Cross_fields prefix for multiple elements

I have a multi_match request of type cross_fields , which I want to improve with prefix matching.

 { "index": "companies", "size": 25, "from": 0, "body": { "_source": { "include": [ "name", "address" ] }, "query": { "filtered": { "query": { "multi_match": { "type": "cross_fields", "query": "Google", "operator": "and", "fields": [ "name", "address" ] } } } } } } 

It is perfect for queries like google mountain view . The filtered array exists because I need to add geo-filters dynamically.

 { "id": 1, "name": "Google", "address": "Mountain View" } 

Now I want to allow prefix matching without breaking cross_fields .
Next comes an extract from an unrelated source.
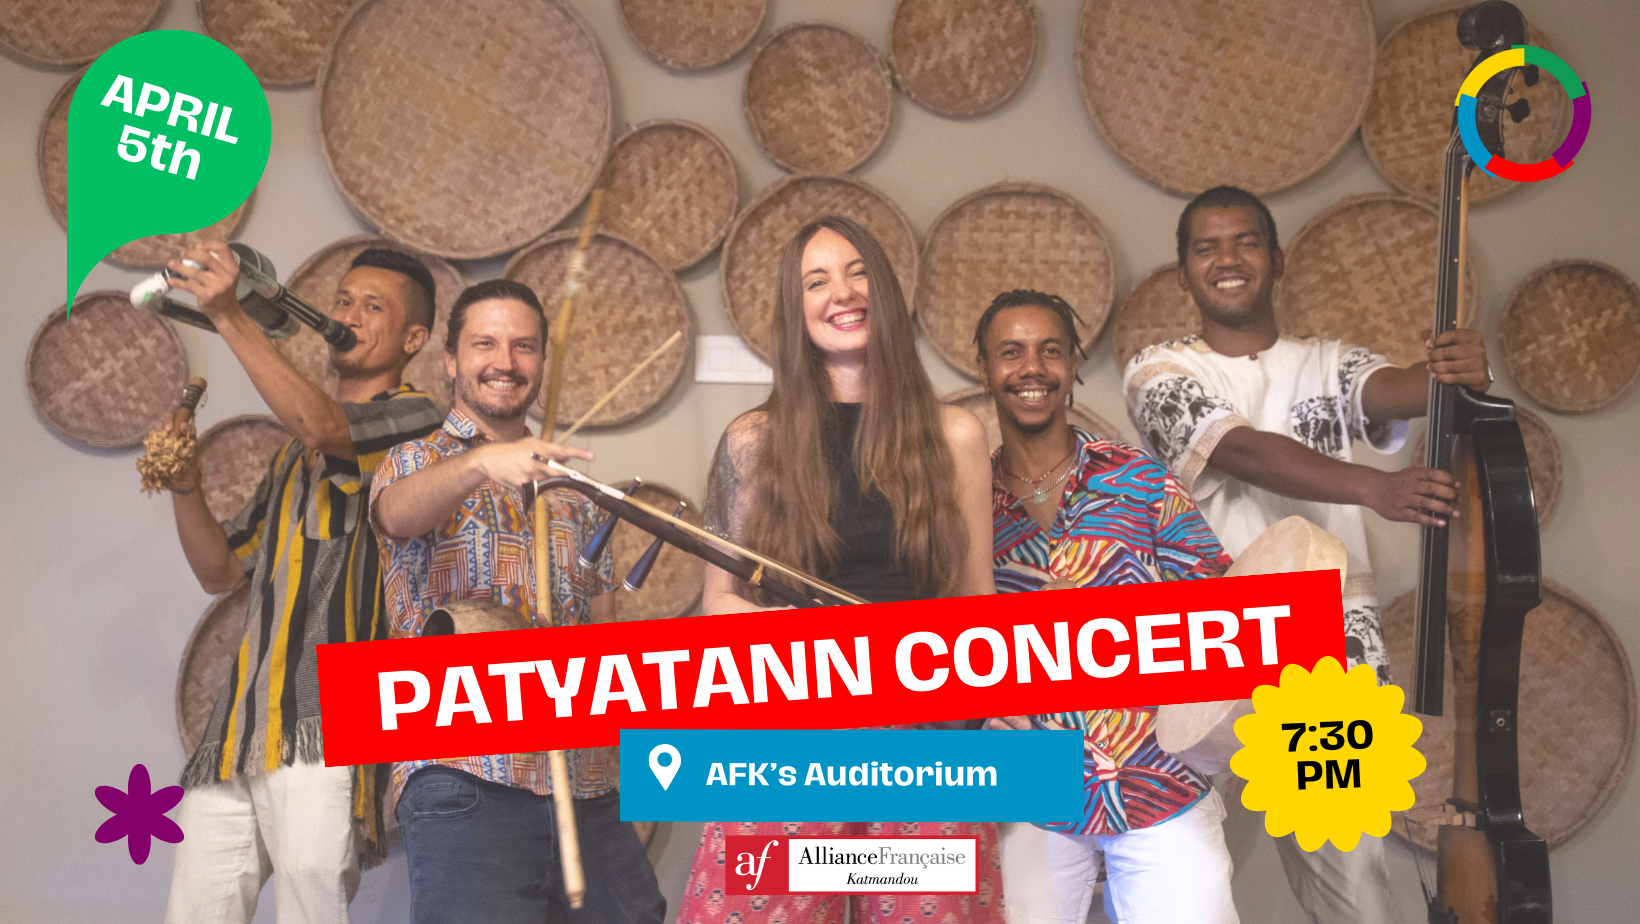 Patyatann Concert

Such requests should match:

  • goog
  • google mount
  • google mountain vi
  • mountain view goo

If I change the value of multi_match.type to phrase_prefix , it matches the entire request with one field, so it matches only mountain vi , but not against google mountain vi

How to solve this?

+5
source share
1 answer

Since there are no answers, and someone can see it, I had the same problem, and here is the solution:

Using the edgeNGrams tokenizer .

You need to change the index and mapping settings.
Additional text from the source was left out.